Тамара закрыла лицо руками, крепко нажав на веки, отняла их и взглянула на Данло.
– Не могу себе представить, что я могла бояться Ханумана.
– Ты не испытываешь никакого страха перед ним?
– Нет, не думаю. Я помню о нем только хорошее.
Данло оборвал свою барабанную дробь.
– Может, ты и о нем кое-что забыла?
– Это было бы только естественно – ведь многие мои воспоминания о нем определенно связаны с вами.
Как одни воспоминания связываются с другими, подумал Данло. И еще: Хану, Хану, что за судьба соединила нас с тобой, словно правую и левую руки?
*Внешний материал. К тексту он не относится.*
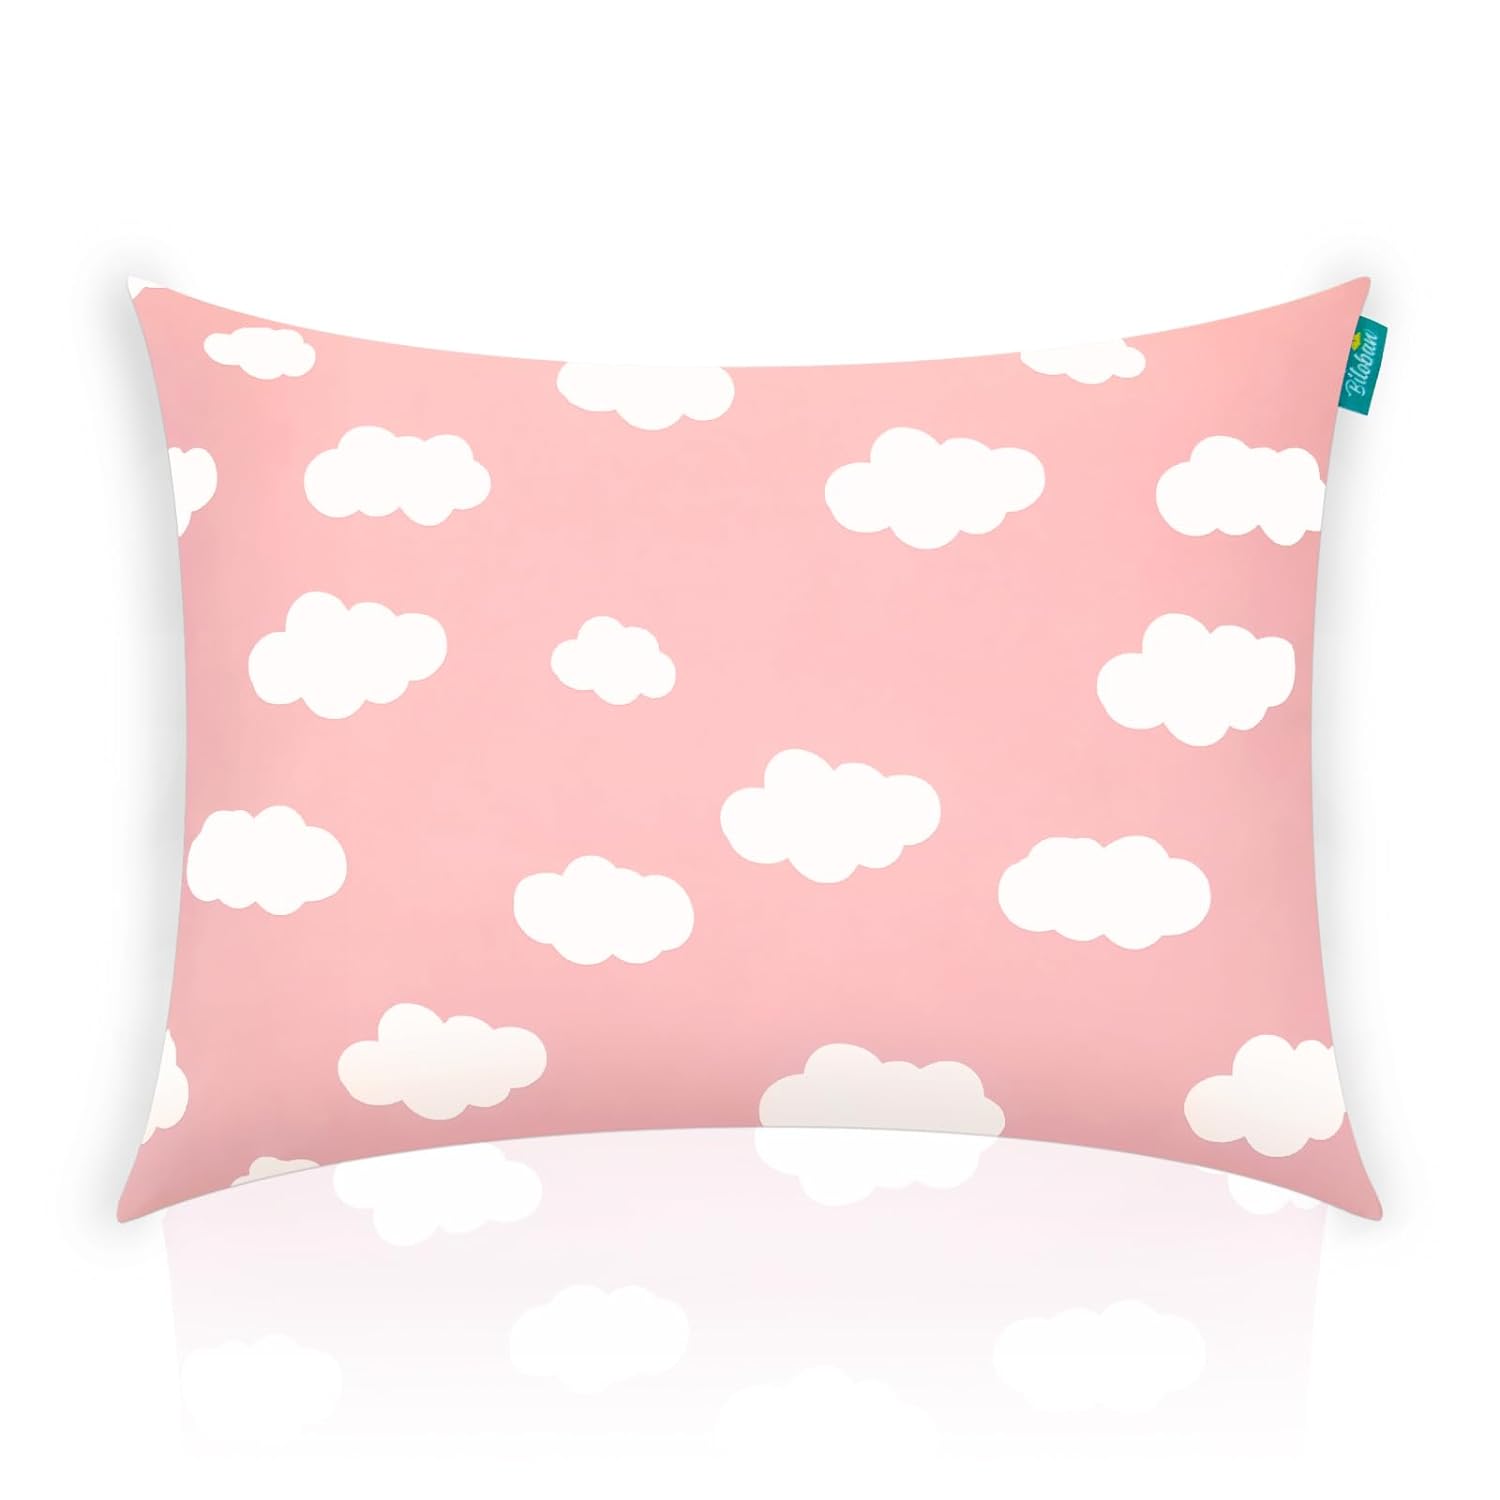 Toddler Pillow - 14" x 19”, Multi-Use, Soft & Skin-Friendly, Pink Cloud - Biloban Online Store

Холод и ясность внезапно овладели им, заставив оцепенеть. Он смутно сознавал, что поверхность стола налилась голубизной, которая сменилась темной, почти черной синевой, затопившей его распростертые пальцы. Его поле зрения включало в себя множество вещей: окна в морозных узорах, свисающие с потолка каскады зелени, прелестное, гордое и озабоченное лицо Тамары – и еще одно, нематериальное, но от этого не менее осязаемое и реальное. Это последнее состояло из интриг, и честолюбивых помыслов, и ревности, и любви, и нитей судьбы, переплетенных туго, как в ковре, и из реальных событий, произошедших в пространстве-времени, в домах, построенных человеком, и на чистом морозном воздухе, омывающем этот мир. То, что видел Данло, было не мечтой и не воображаемой реальностью, а скорее идеальной картиной реальности, чем бы эта реальность в реальности ни была. Это явилось ему внезапно, во всей ясности и полноте, словно выпавший из мрака драгоценный камень. Оно блистало тысячами граней, из которых он мог четко рассмотреть лишь немногие: утрату Тамарой ее страха перед Хануманом; вирус памяти, созданный сотни лет назад на Катаве; очистительную церемонию Вселенской Кибернетической Церкви. Причина Тамариной болезни, вытекающая из этих фрагментов, ввергала его в изумление. Больше того, она вызывала у него дурноту, потому что он знал, что все открывшееся ему – правда.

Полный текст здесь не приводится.